Laith, definately this algae ssoms to come about with higher light and low CO2. I have heard that keeping lowered NO3 levels 10ppm, while battling the green dust, can help. I don't know. I dosed only 20ppm this week, instead of my normal 35ppm NO3 and htere was a definate improvement at the end of hte week. Of course, I did a more through job removing it last week and I've had it for a while so it might simply be that it has run its course.


----------



## HeyPK (Jan 23, 2004)

Try guppies. They could be even better than rosy barbs. They have a systematic way of pecking at patches of soft algae and even sucking down sufrace film algae. Rosy barbs tend to rip out pieces of hair algae and swallow them, but I don't recall seeing them grazing on flat surfaces. I have not had them for a long time.


----------



## dennis (Mar 1, 2004)

Laith,

How are you coming with the battle? I still have mine, but also Ihave been fiddling a lot lately with lights, dodages and water changes for other reasons, so I know I have not been doing much to try and beat it into submission I am getting real sick of it though, and have been thinking about getting a quick filter and runit for a day or so, scrubbing the glass as often as I cen to make it free floating so it can be trapped by the filter. I have it in 4 out of six of my tanks and its making me tired. 
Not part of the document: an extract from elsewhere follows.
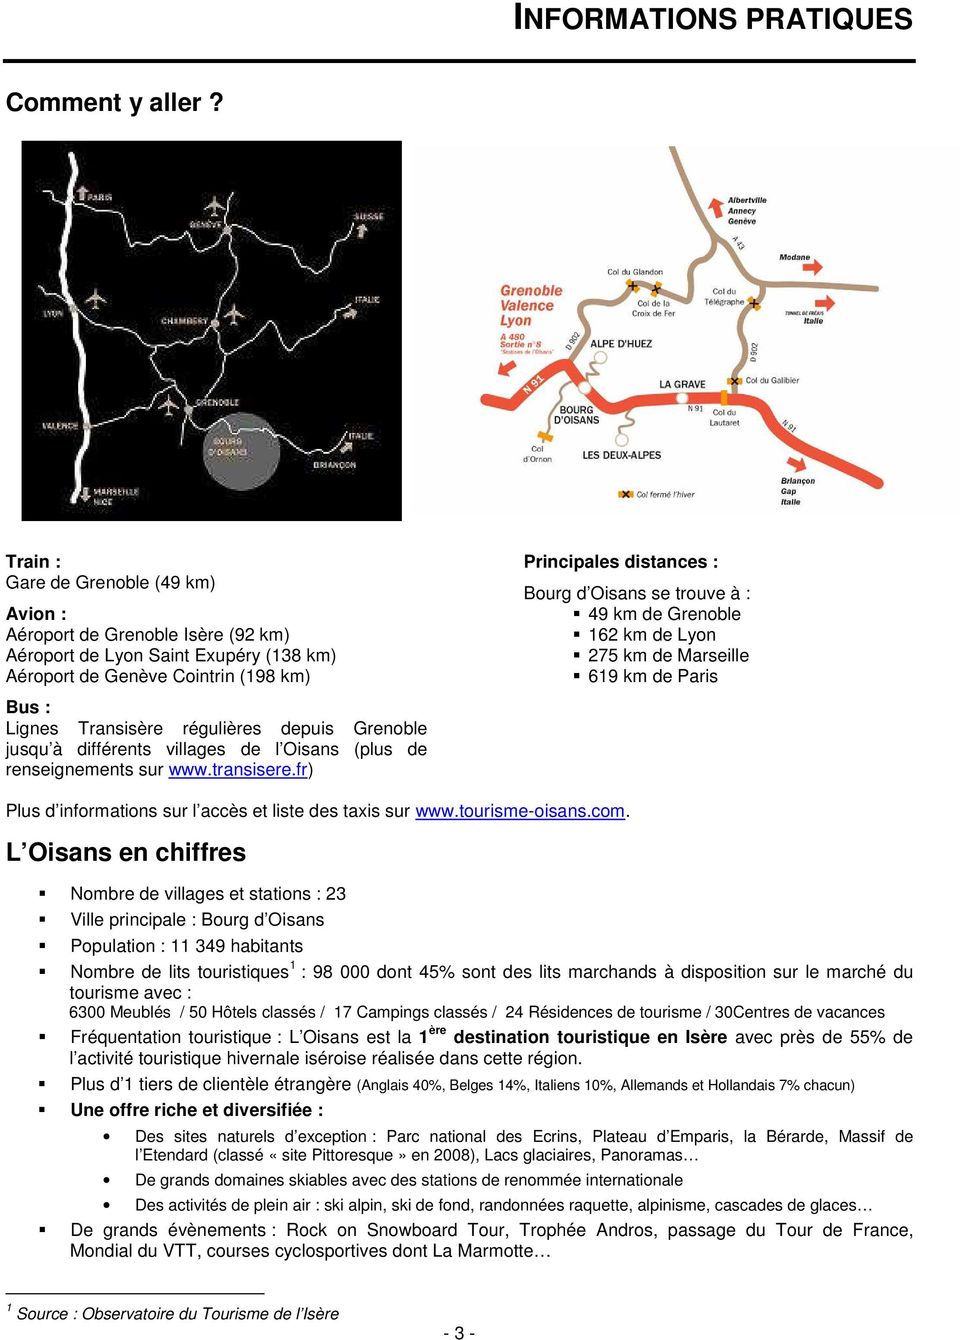 trouve à : 49 km de Grenoble 162 km de Lyon 275 km de Marseille 619 km de Paris Bus : Lignes Transisère régulières depuis Grenoble jusqu à différents villages de l Oisans (plus de renseignements sur
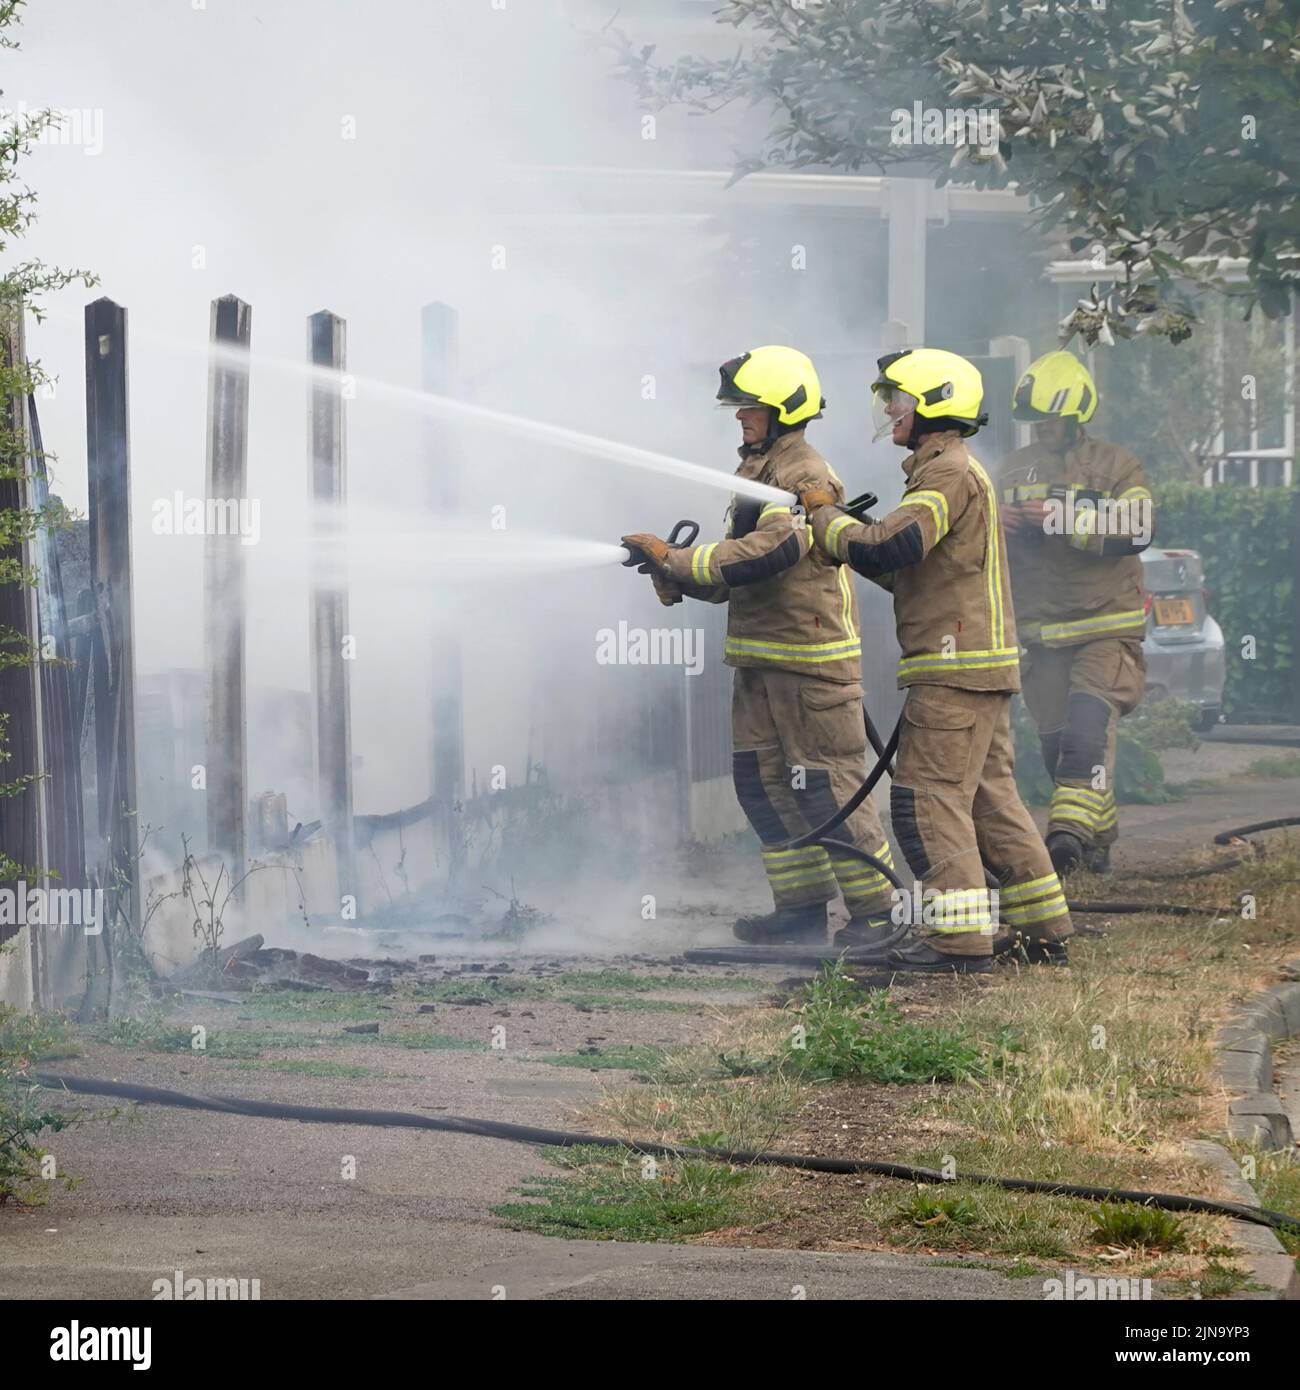 Essex Fire and Rescue Service groupe de pompiers en vêtements de protection incendie de maison de travail dangereux et dangereux travaillant avec des tuyaux d'eau Angleterre Royaume-Uni Banque D'Images

Just wondering how you have come with it?


----------



## Laith (Sep 4, 2004)

Dennis,

I gave up and removed the extra 25w light that initiated the problem. :? 

I tried everything, including daily 50% water changes (and re-dosing) and wiping down the glass with paper towels to get the algae out of the tank. After two week of these daily water changes with absolutely no improvement, I got fed up and removed the extra light.

I still don't understand it, I mean I only added enough light to bring the wpg from about 2.4 to 2.9! I can understand that there would be an initial imbalance but would have thought that it would be temporary. My battle went on for more than a month!

I'm puzzled by how people do it with 4, 5 or 6+ wpg? Maybe because they start the tank up with that much lighting instead of increasing it later?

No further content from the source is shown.